Il grappolo di canaletti più interessanti per capire la via canalettistica alla tv è quello che fa capo al Gruppo Discovery, di proprietà del ricchissimo americano di turno (John Malone), che è arrivato a rastrellare, canalino dopo canalino, più del 5% della platea quotidiana.
Intanto, i programmi di Discovery te li ritrovi dappertutto: nel decoder Sky, sulla tv terrestre, sul web; sul televisore, sull’Ipad, sullo smartphone.
Non ti sfuggono e non gli sfuggi.
Uno che ti interessa dovresti trovarlo comunque, perché Discovery, come apprendiamo dal suo sito web, ha accuratamente analizzato l’umano Uno e Molteplice: donne propense, va da sé, all’”intrattenimento femminile” (e cioè «casa e cucina, due temi che tutte le donne vivono da vicino con grande passione» come «il cambio look, la cucina, il make-up, i matrimoni, il fai da te e la salute») cui, in omaggio al noto realismo del sesso gentile, si dedica il canalino Real Time; uomini, notoriamente propensi a «docu-realities e reportage su temi quali motori, extreme food, ink, crazy auctions, magia, wild boys, current affairs» affidati alle cure del canale D-Max (da notare il “Max”, perché, detto tra uomini, “size matters”); bambini, che trovano la tata nel canale K2 (con bimbeschi cartoon, telefilm e show); adolescenti che, in attesa di diventare gli adulti accuditi da Real Time e D-Max (vedi sopra), si affidano ai programmi di Frisbee e al suo «nuovo look gommoso, morbido e dai colori fluo che esprime al meglio la vitalità e l’originalità delle giovani spettatrici»; mentre i compagni di scuola delle medesime sfogano il testosterone con GXT che (ai canali 146 e 147) propone “azione, adrenalina, divertimento, sfide e sport estremi”.
Ma, lo diciamo per gli spettatori meno “fisici”, ce n’è anche per chi cerca l’”Intelligent Entertainment”, di taglio maschile («motori, ingegneria, tecnologia, disastri, inchieste, scienza e pop science, spazio, wild life, avventura e sopravvivenza al limite»); e poi, immancabili, le donne, che apprezzano la adrenalina visceral-cerebrale del canale GIALLO.
Questa è l’umanità tagliata a fette per fare business con quel tanto di tribale (di genere, di età, di condizione socio-culturale) che c’è in ognuno di noi e gestendo le nostre estraneità e differenze anziché le similarità e convergenze.

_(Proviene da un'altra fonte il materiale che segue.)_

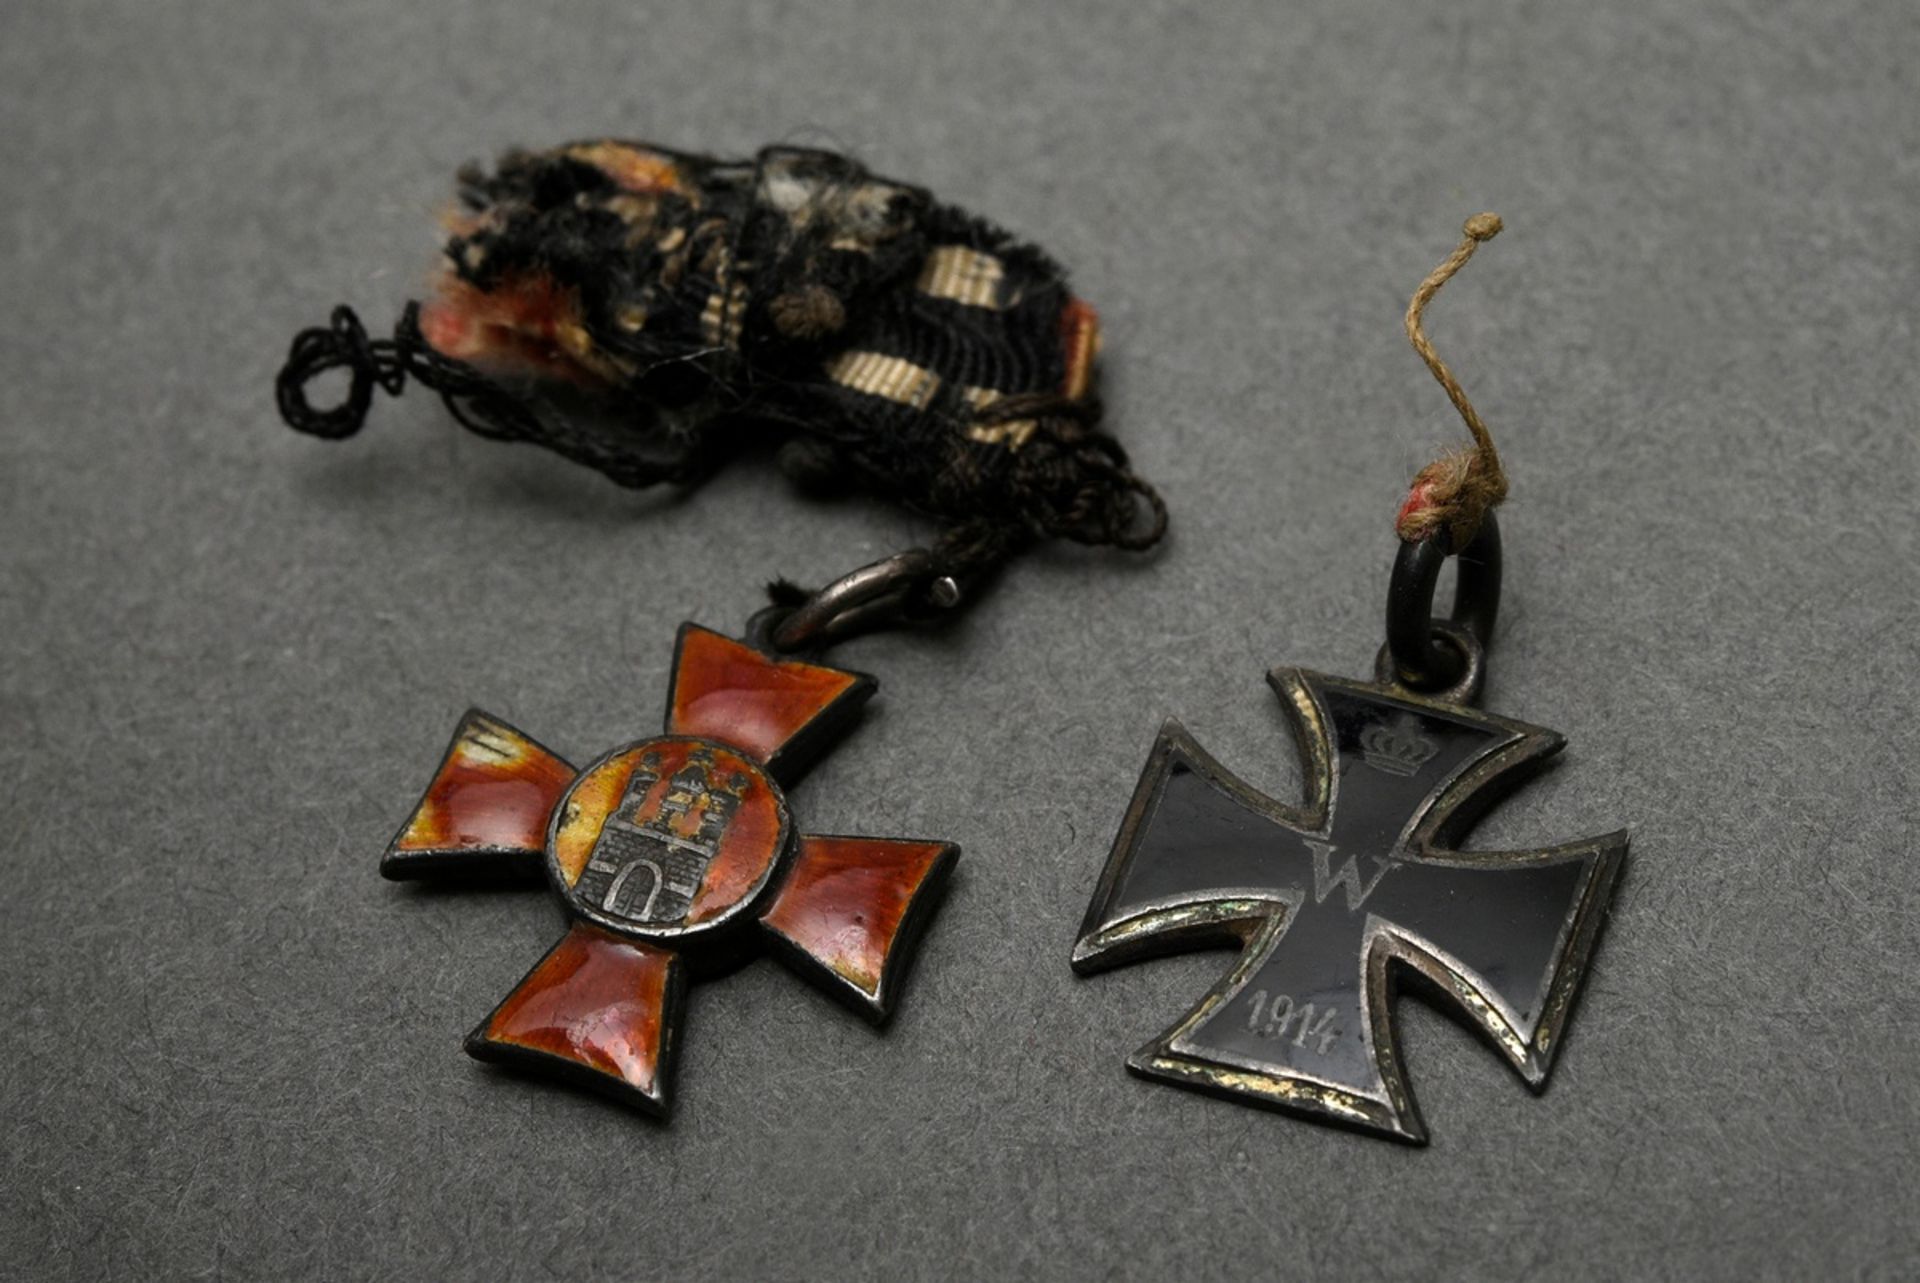 2 Various medal miniatures First World War: Iron Cross 1914 (silver 800 enamelled, ca. 2x1,5cm) and

Insomma, nei canalini l’acqua comunitaria è bassa, ma gli basta e avanza. Ovviamente la televisione “comunitaria”, volgarmente detta “generalista”, quella che anziché trattenerti nel “tuo” mondo dovrebbe riuscire a farti affacciare su quelli altrui, è tutto un altro paio di maniche. Maniche indispensabili, culturalmente, politicamente, socialmente. Difficili, non impossibili, da cucire.
Il problema editoriale del servizio pubblico (cosa significa oggi?) sta tutto qui.